Netflix used Instagram’s new 60-minute video feature to play a full hour of actor Cole Sprouse eating a burger. The video has brought in 676,000 views and nearly 5,000 comments. Nike posted to its new IGTV channel on Monday, sharing an animation featuring Cristiano Ronaldo as part of its World Cup campaign, and Everlane took its #DamnGoodDemin Day photo series and created a video that works for IGTV.

Other companies are testing the new channel with repurposed content. Louis Vuitton and Gucci, for instance, shared videos from their recent fashion shows. Warby Parker posted an Instagram Stories interview with a graphic designer who uses the company’s glasses to create her designs and most publishers. Most publishers, like BuzzFeed, NBC, Attn, Cosmopolitan, Betches and National Geographic, and shows such as “Saturday Night Live” and “The Tonight Show” already post multiple videos a day, but with content originally created for Instagram Stories that is already natively vertical and therefore easily adaptable to IGTV.

“One area that the Instagram team needs to focus on is ensuring that IGTV doesn’t simply become a place for Stories to live,” said Neil Waller, co-founder of influencer marketing agency Whalar. “It should not be a place where users simply post their Stories, unless Instagam’s end goal is for IGTV to become a replacement for Stories.”

So far, posting to IGTV is a relatively easy way to gain views in the new IGTV content hub since the IGTV feed is not yet flooded with content. Marketers are also praising the channel’s integration with the original Instagram app, the focus on vertical video and the ability to create longer-form content. And with YouTube creators increasingly becoming disillusioned with YouTube, IGTV might end up being a new home for influencers fed up with YouTube, marketers said.

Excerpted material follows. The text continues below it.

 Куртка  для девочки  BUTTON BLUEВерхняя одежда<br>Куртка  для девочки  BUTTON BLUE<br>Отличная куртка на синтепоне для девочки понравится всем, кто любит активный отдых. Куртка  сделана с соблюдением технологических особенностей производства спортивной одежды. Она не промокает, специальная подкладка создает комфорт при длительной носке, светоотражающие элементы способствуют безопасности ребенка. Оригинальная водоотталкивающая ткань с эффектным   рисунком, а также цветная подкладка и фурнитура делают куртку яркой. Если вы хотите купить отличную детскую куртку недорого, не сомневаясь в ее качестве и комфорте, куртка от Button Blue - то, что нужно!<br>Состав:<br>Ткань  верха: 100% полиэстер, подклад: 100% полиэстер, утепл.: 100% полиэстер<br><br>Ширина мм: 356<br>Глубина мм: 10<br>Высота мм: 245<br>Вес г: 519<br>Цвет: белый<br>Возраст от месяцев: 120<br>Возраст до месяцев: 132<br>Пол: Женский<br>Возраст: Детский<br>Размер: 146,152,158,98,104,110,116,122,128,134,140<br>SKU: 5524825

Limited search capabilities are also a concern for some marketers. Videos are divided on IGTV by a section curated based on a user’s interests, followed accounts and most popular videos. Users can search for individual creators, but there is no option to search for content based on genre or topic.

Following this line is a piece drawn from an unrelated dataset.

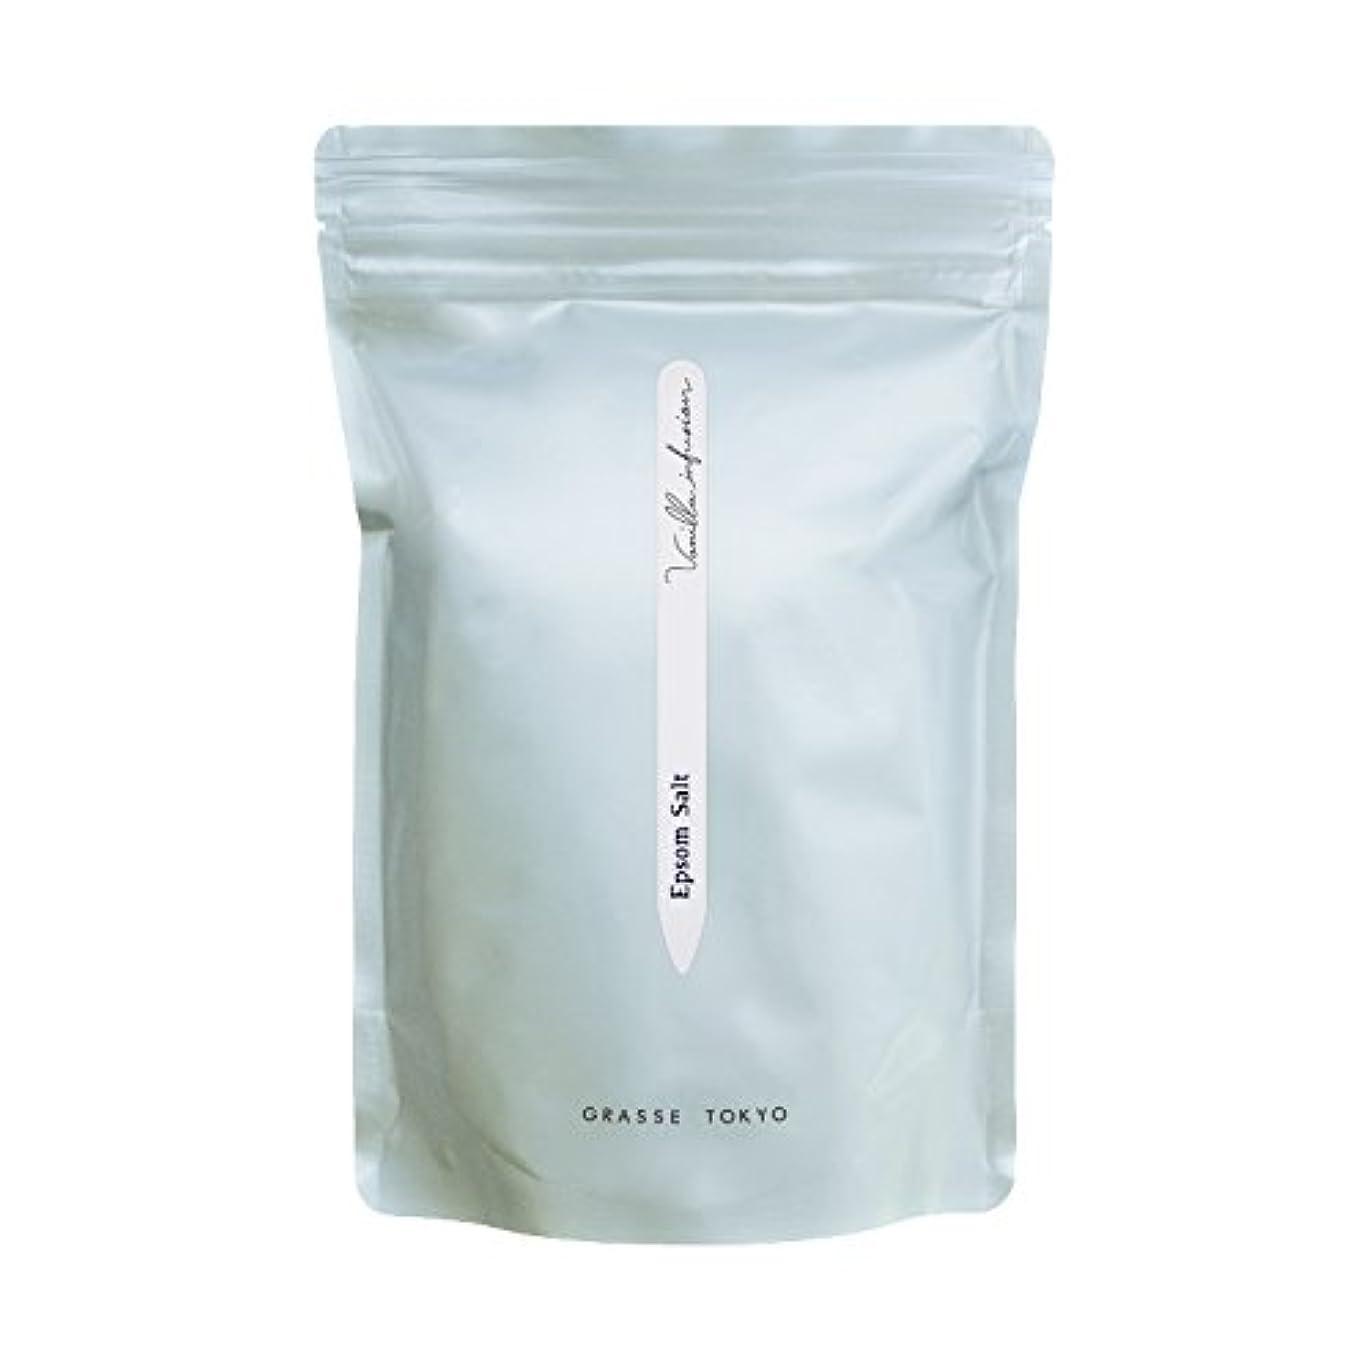 追放ラフ睡眠ムスタチオグラーストウキョウ エプソムソルト(浴用、5回分ジップ袋) Vanilla infusion 750g

For now, the platform is not showing ads, but an Instagram spokesperson said that might change in the future, and the platform is exploring and testing news ways to help creators monetize through the platform. When it does, expect it to be at a premium, said Maryam Hosseini, senior strategist at digital agency The Community.

“Full-screen mobile real estate appears to consistently be more pricey,” she said.

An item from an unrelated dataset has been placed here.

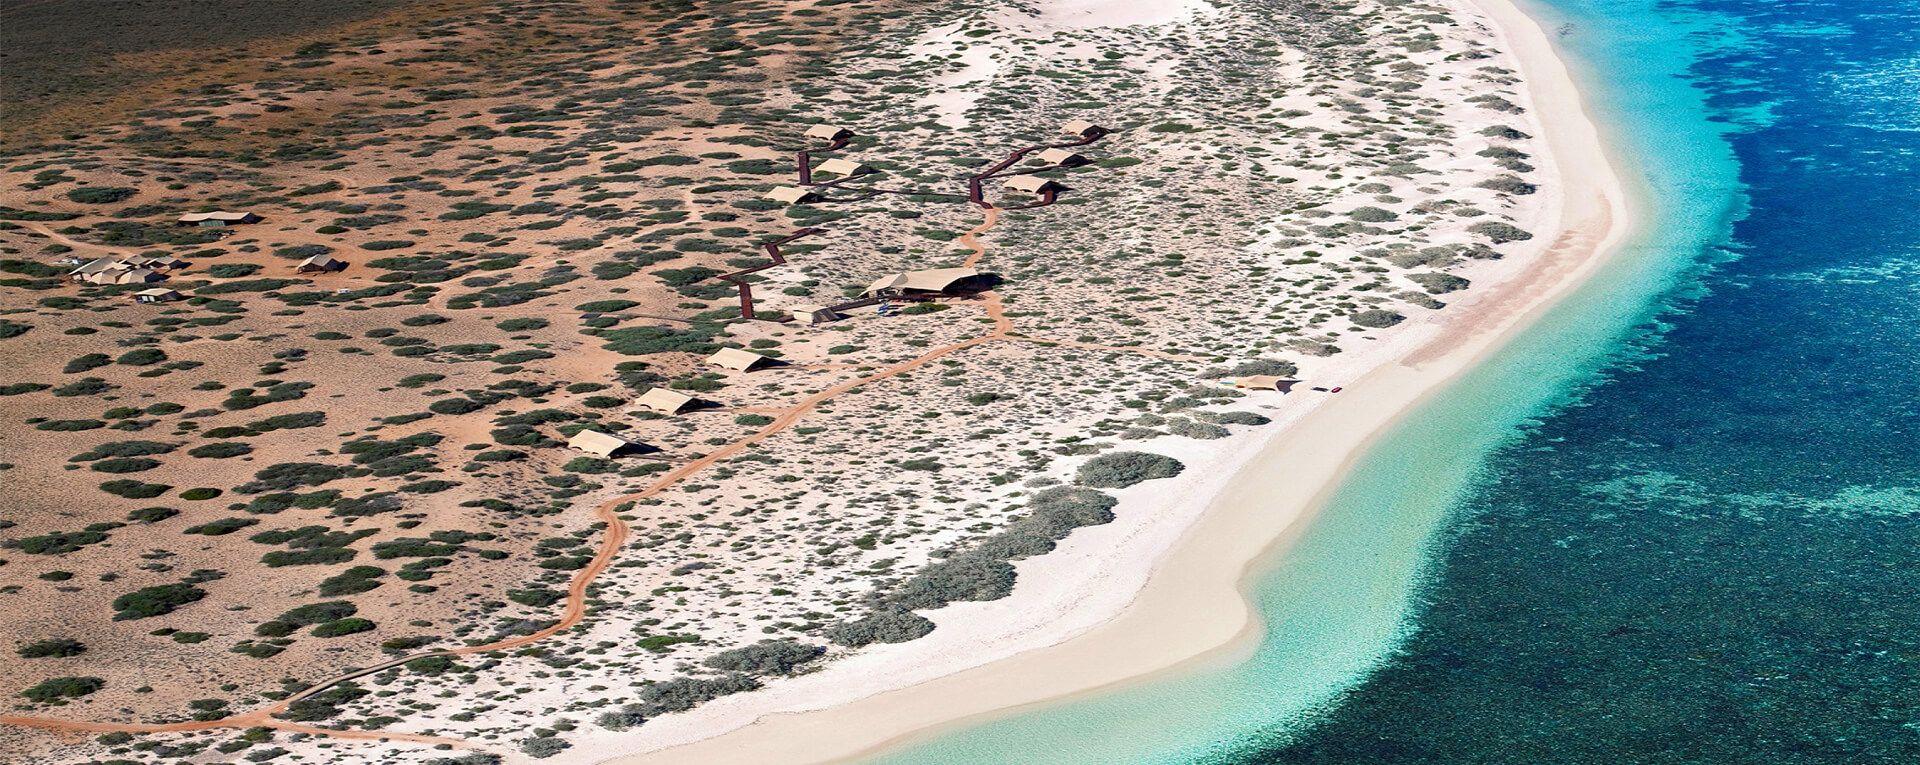 Sal Salis Ningaloo Reef Safari Camp

Regardless, advertisers are already anticipating a way to create paid content for brands on IGTV, said Kinzi Sparks, lead for paid social at iProspect.

“IGTV presents a unique opportunity to engage with users at a deeper level,” said Sparks. “When your customers are thoughtfully seeking and opting into a more in-depth viewing experience, there’s a stronger chance that your brand’s message will be received with welcome captivation.”